_Dataset extract_
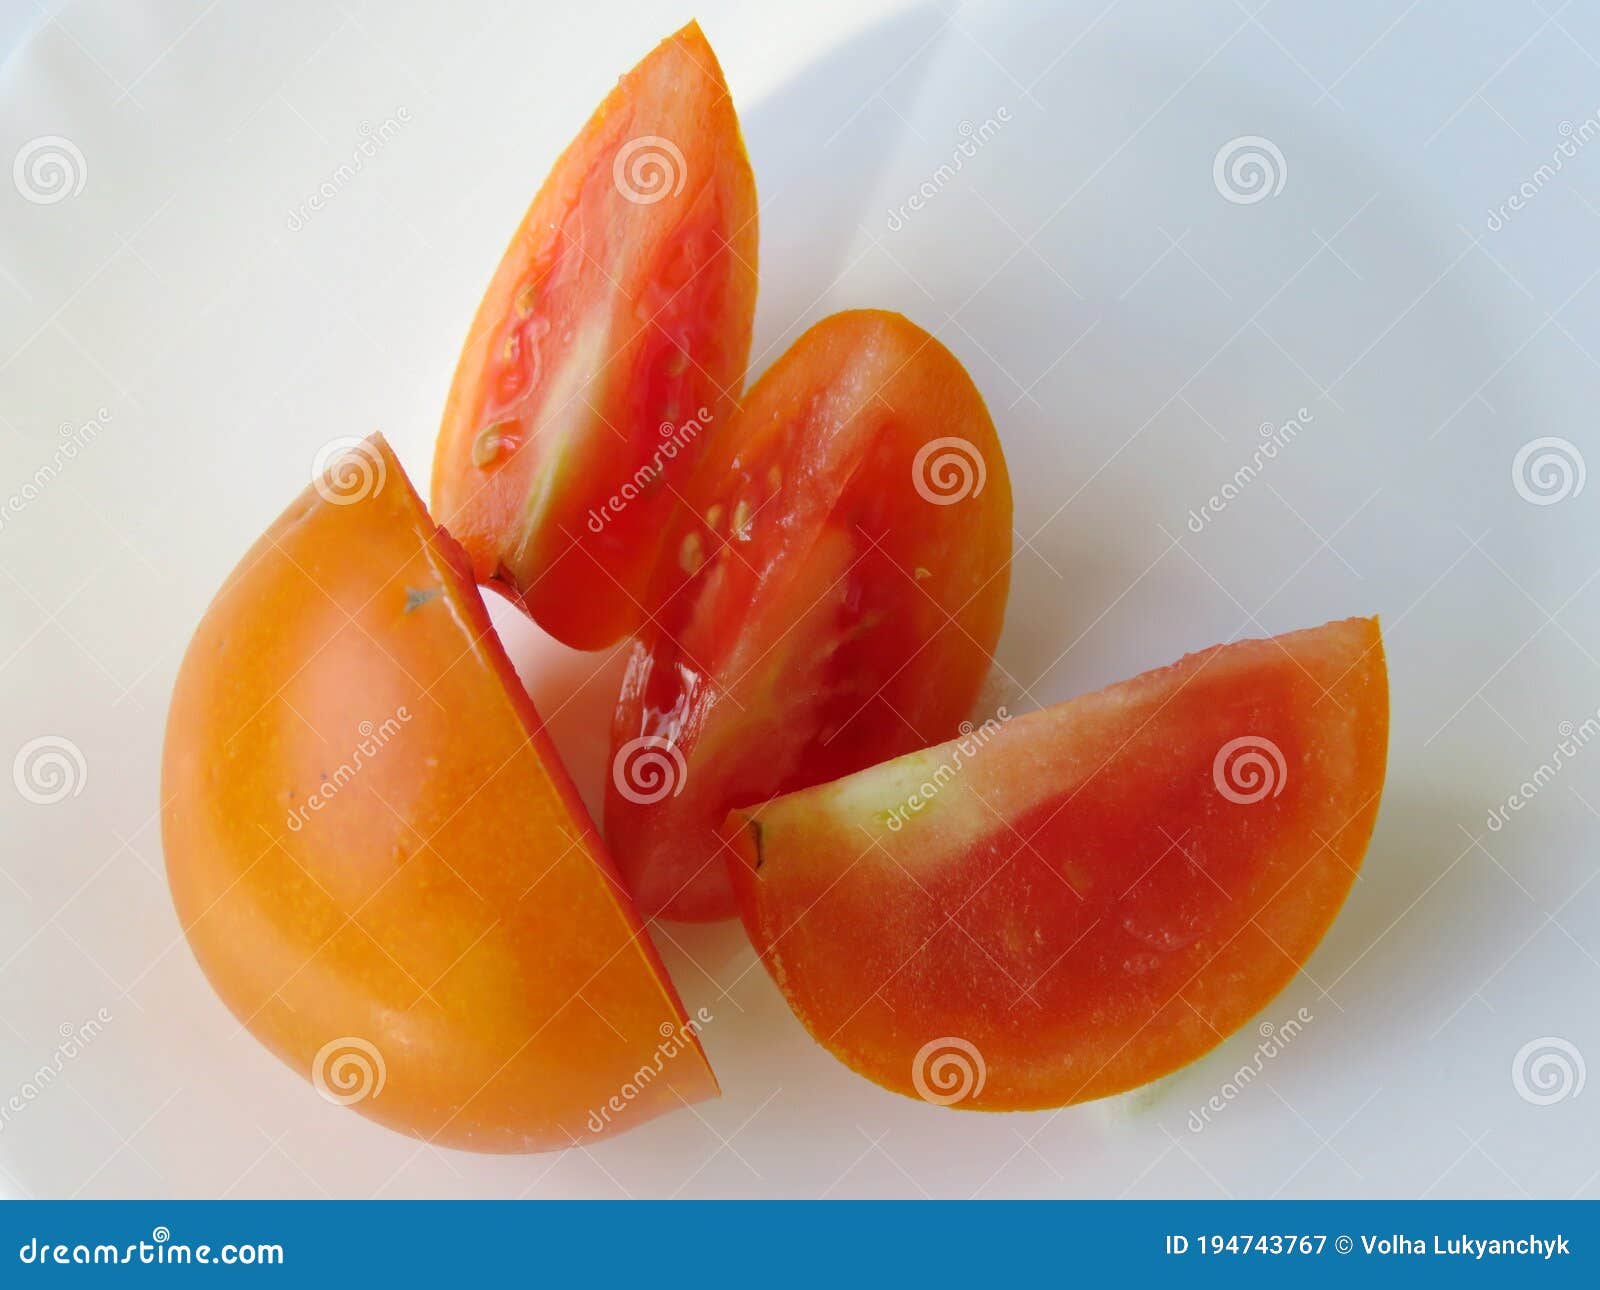 Sweet Orange Tomato on a White Plate Stock Image - Image of healthy ...
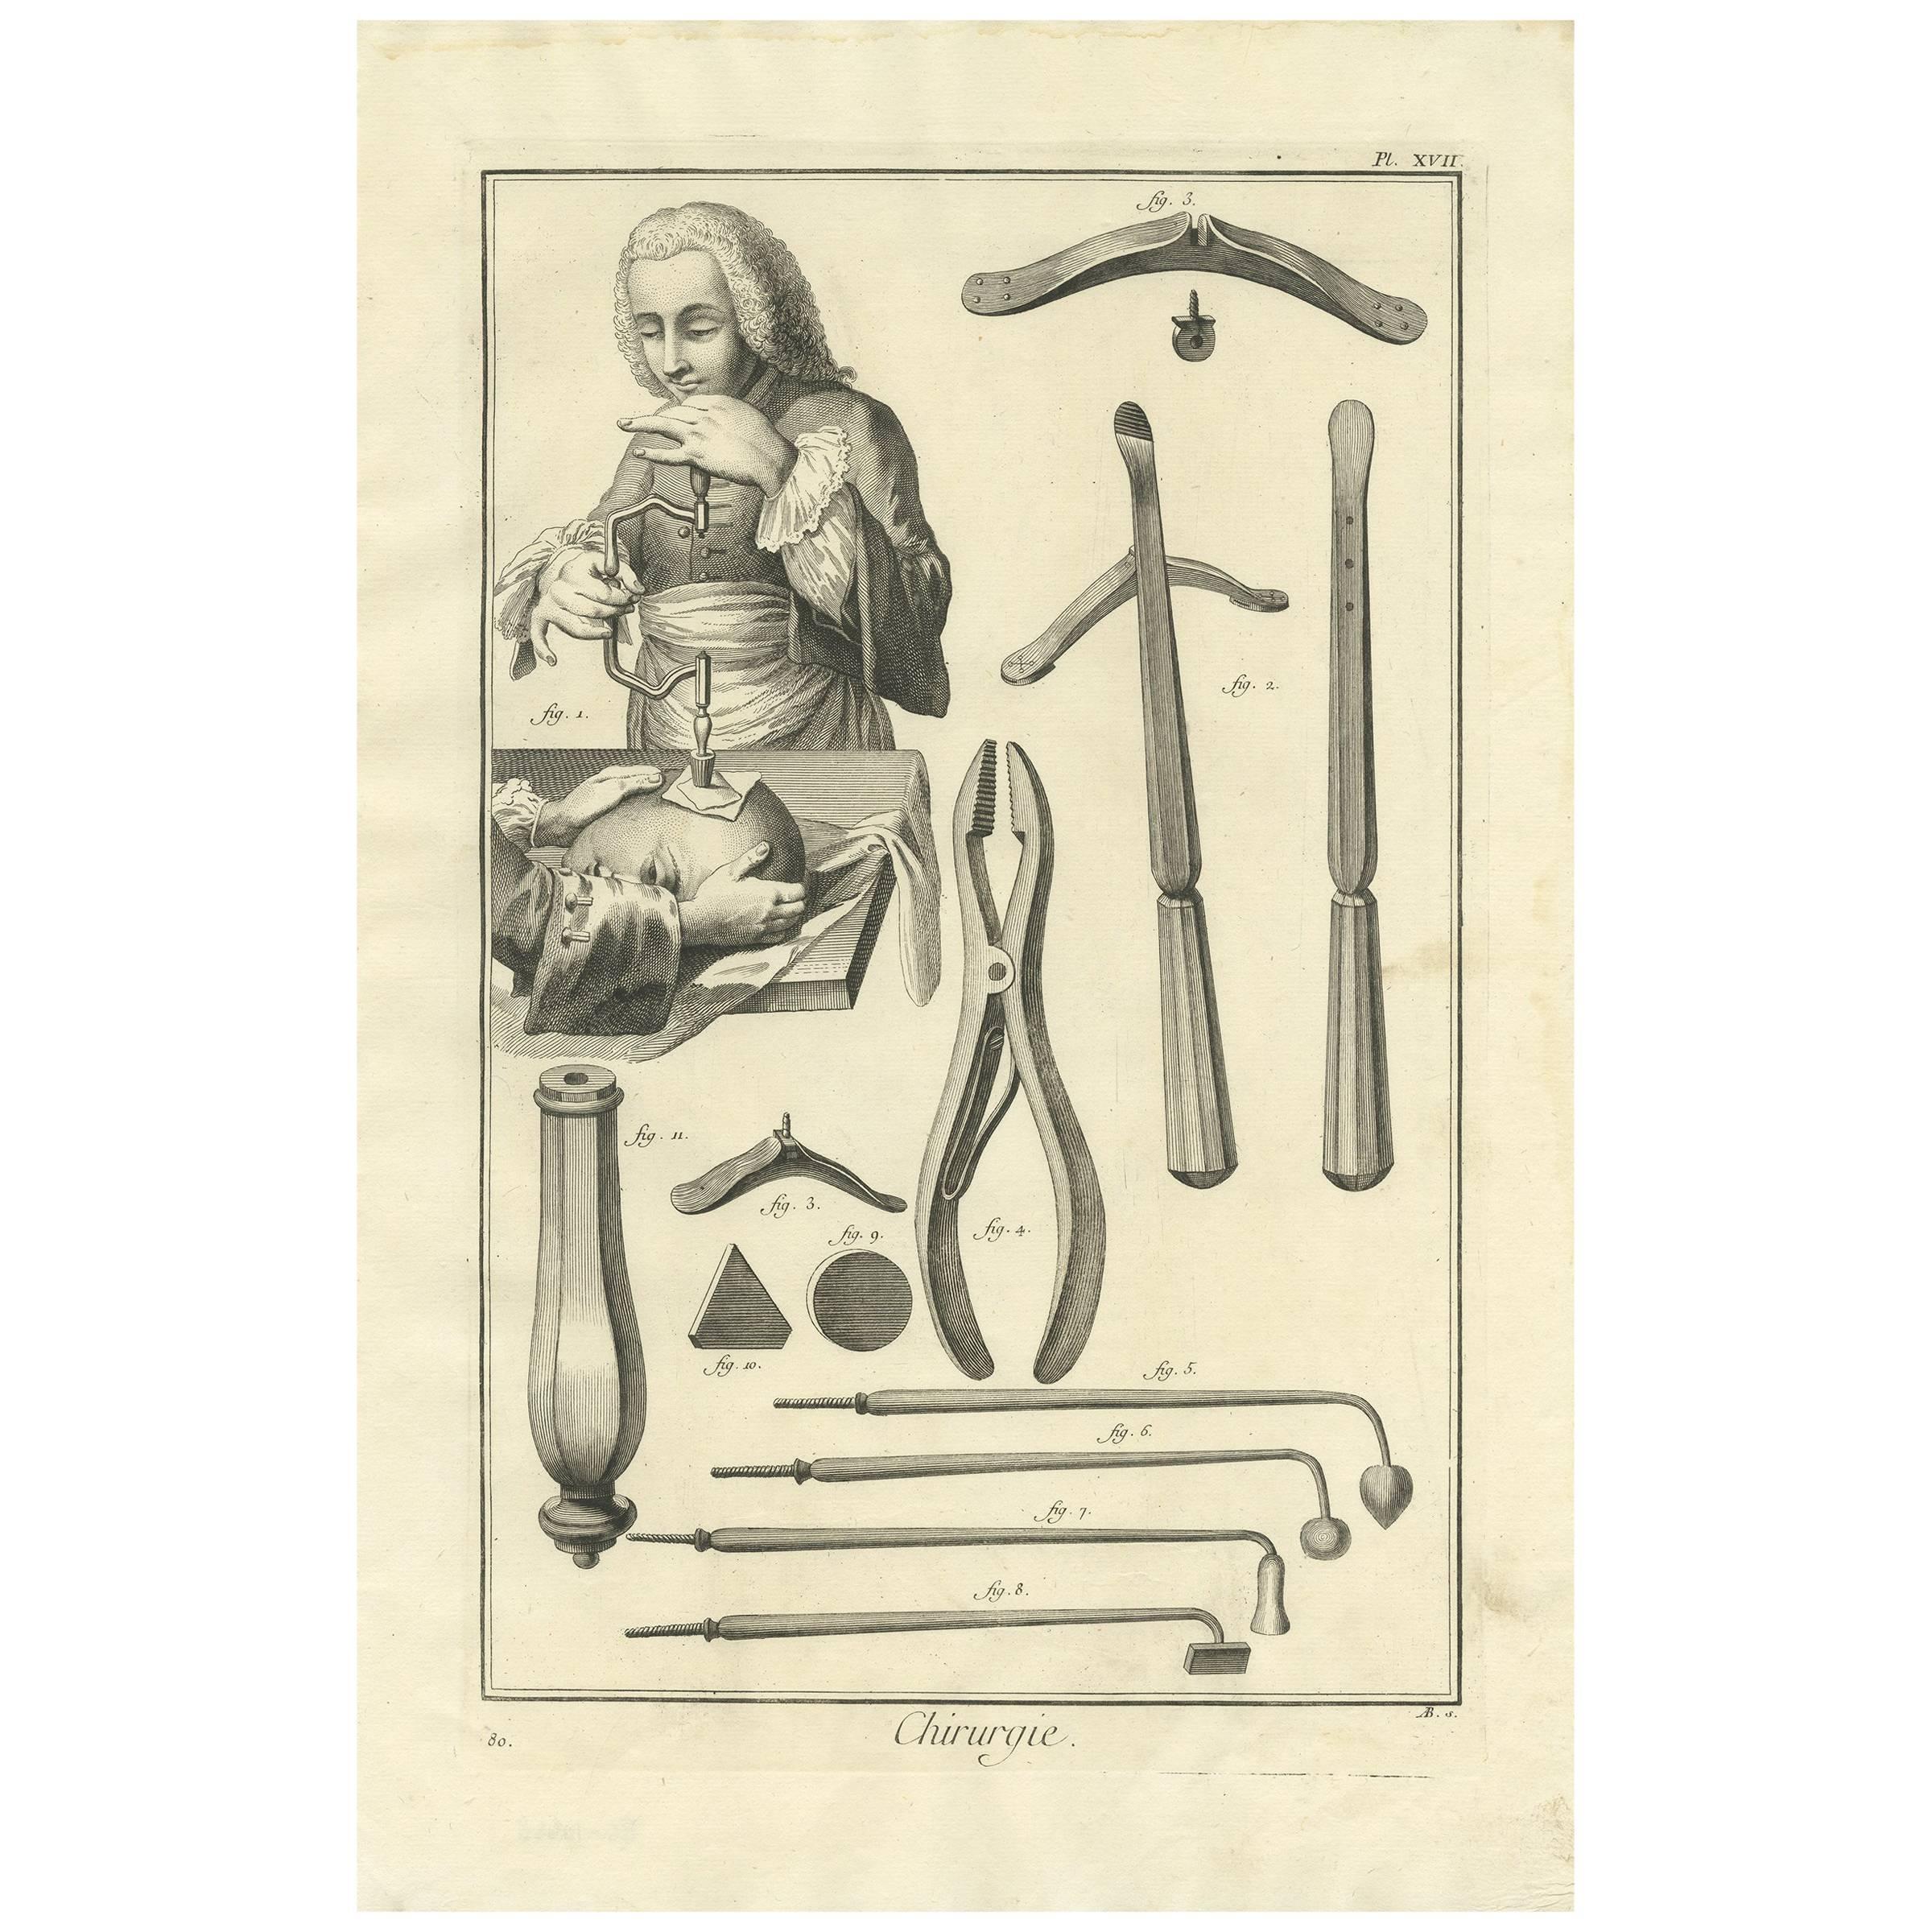 Antique Medical Print 'Pl. XVII' by D. Diderot, circa 1760
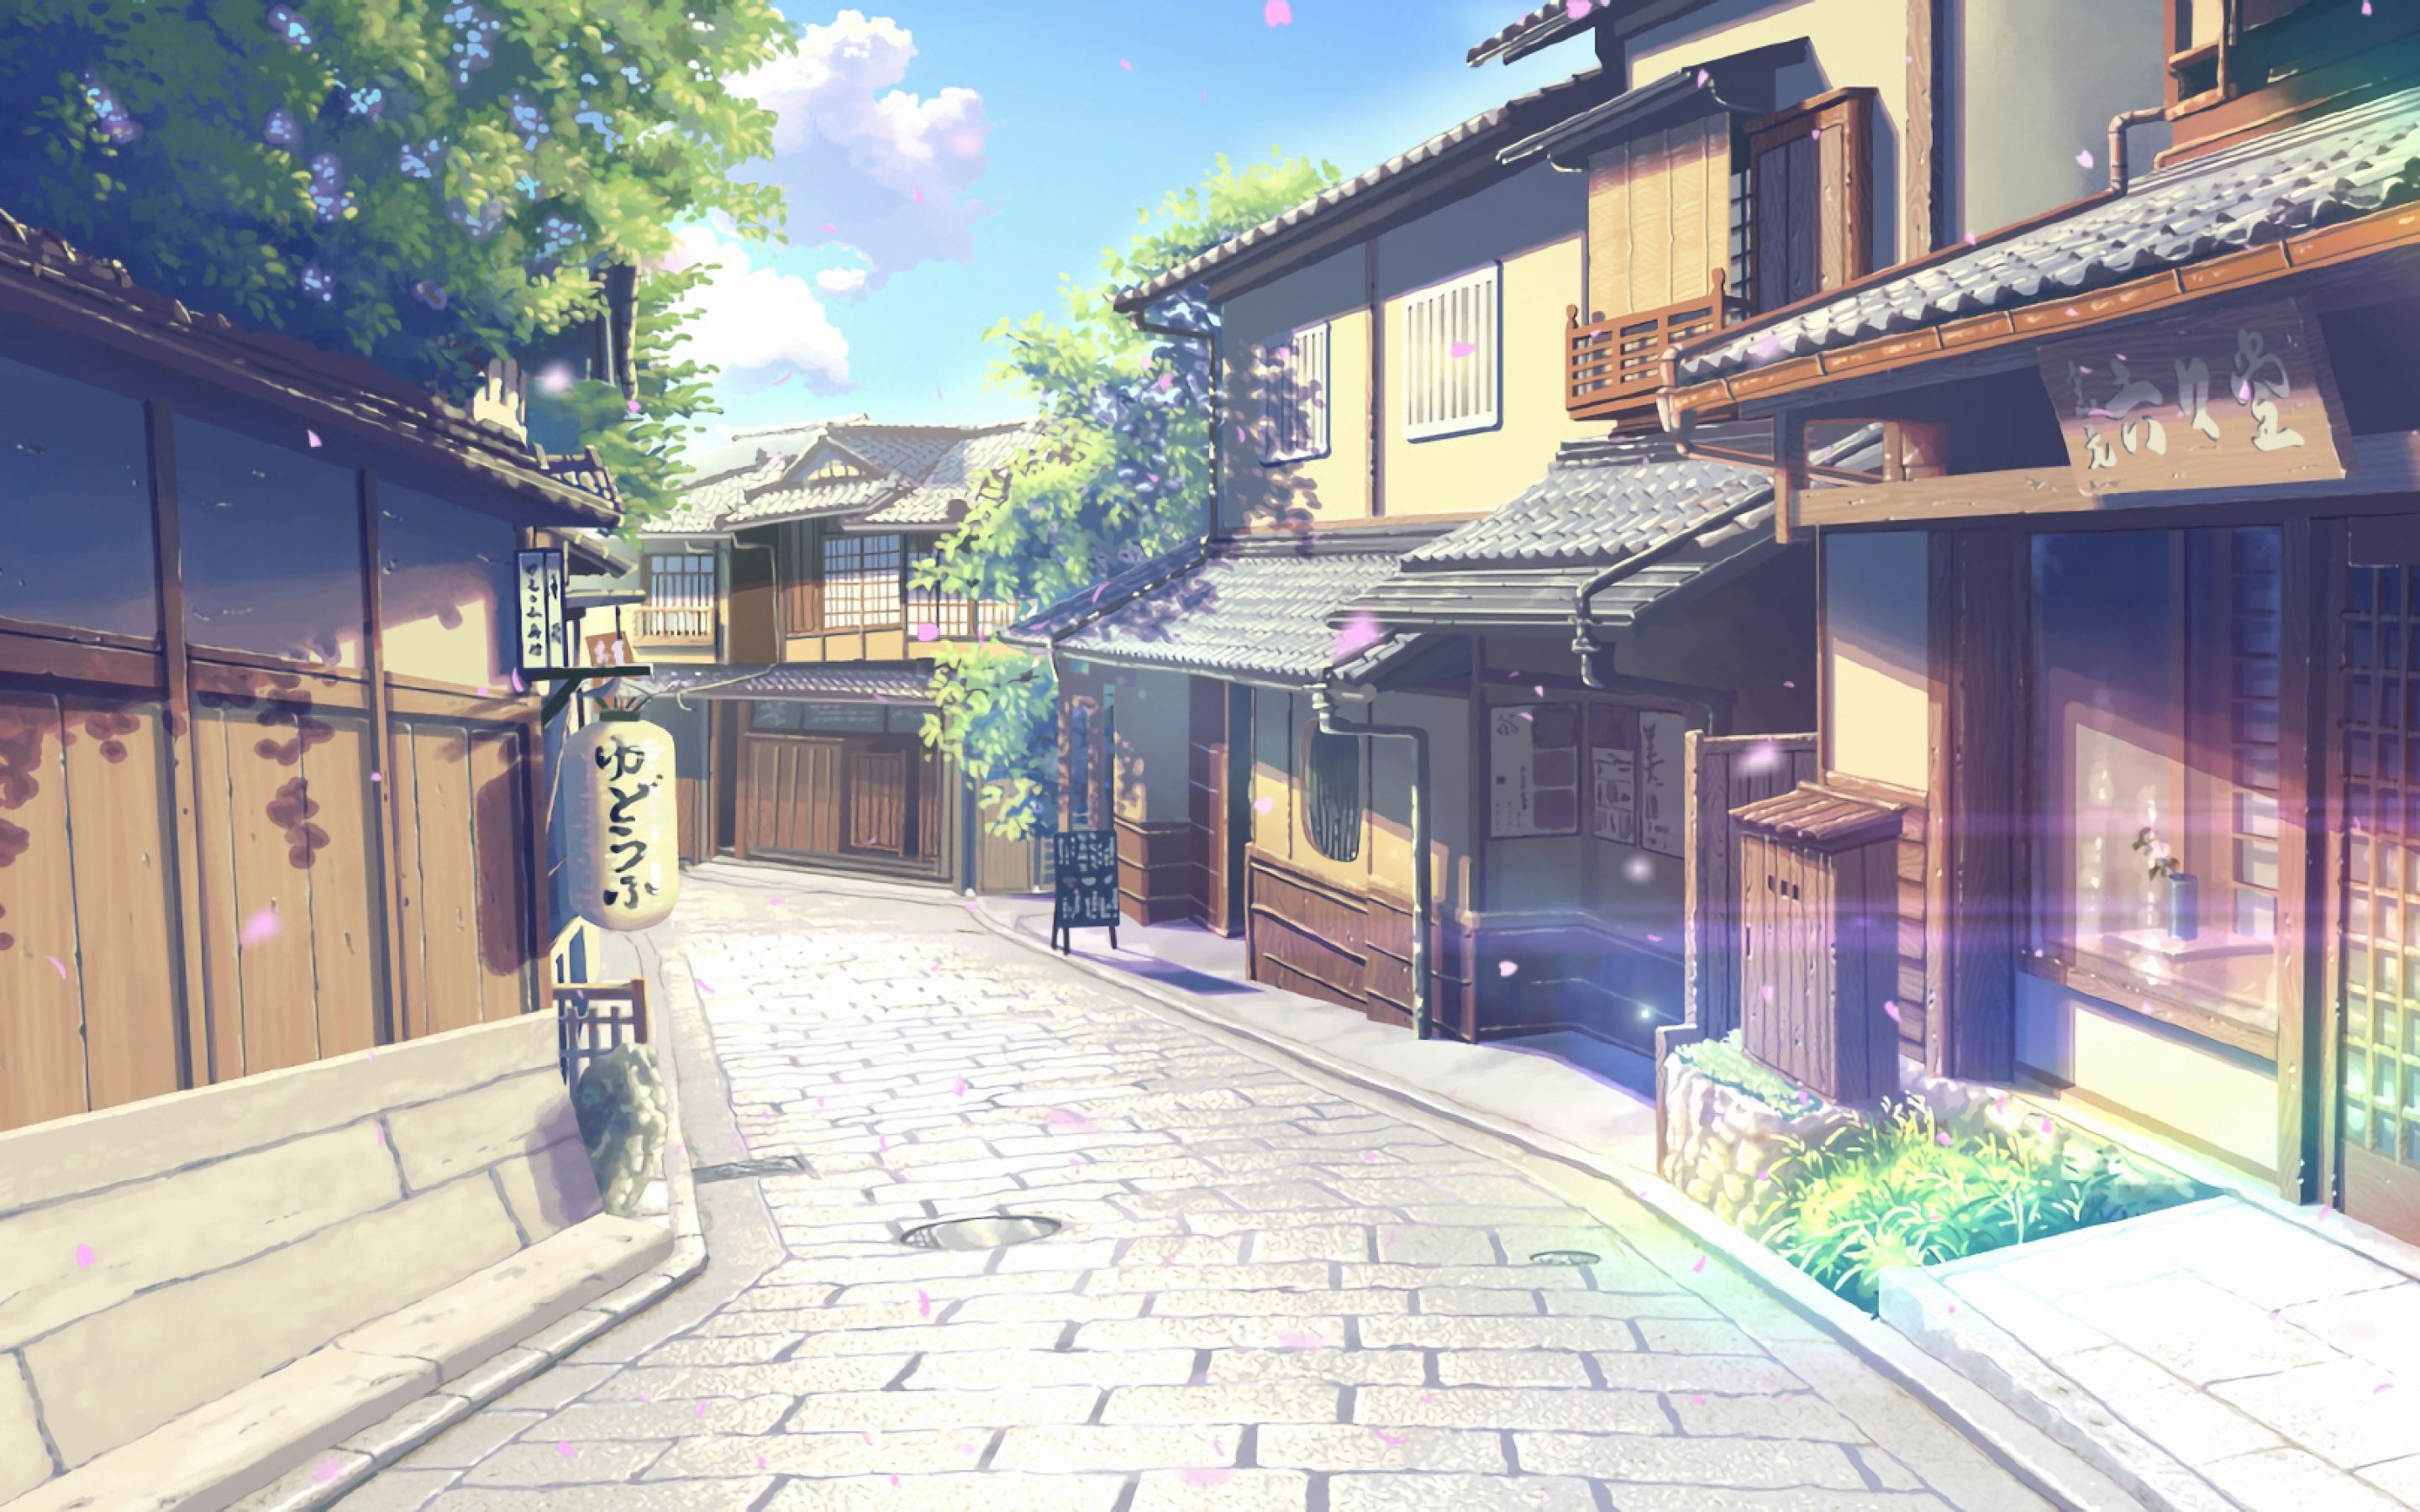  View 34 Download Beautiful Anime Street Background Gif GIF Formal

_Exercise_
What you give back must match the material word for word, with no images included.

_Result below_
 Sweet Orange Tomato on a White Plate Stock Image - Image of healthy ...
 Antique Medical Print 'Pl. XVII' by D. Diderot, circa 1760
  View 34 Download Beautiful Anime Street Background Gif GIF Formal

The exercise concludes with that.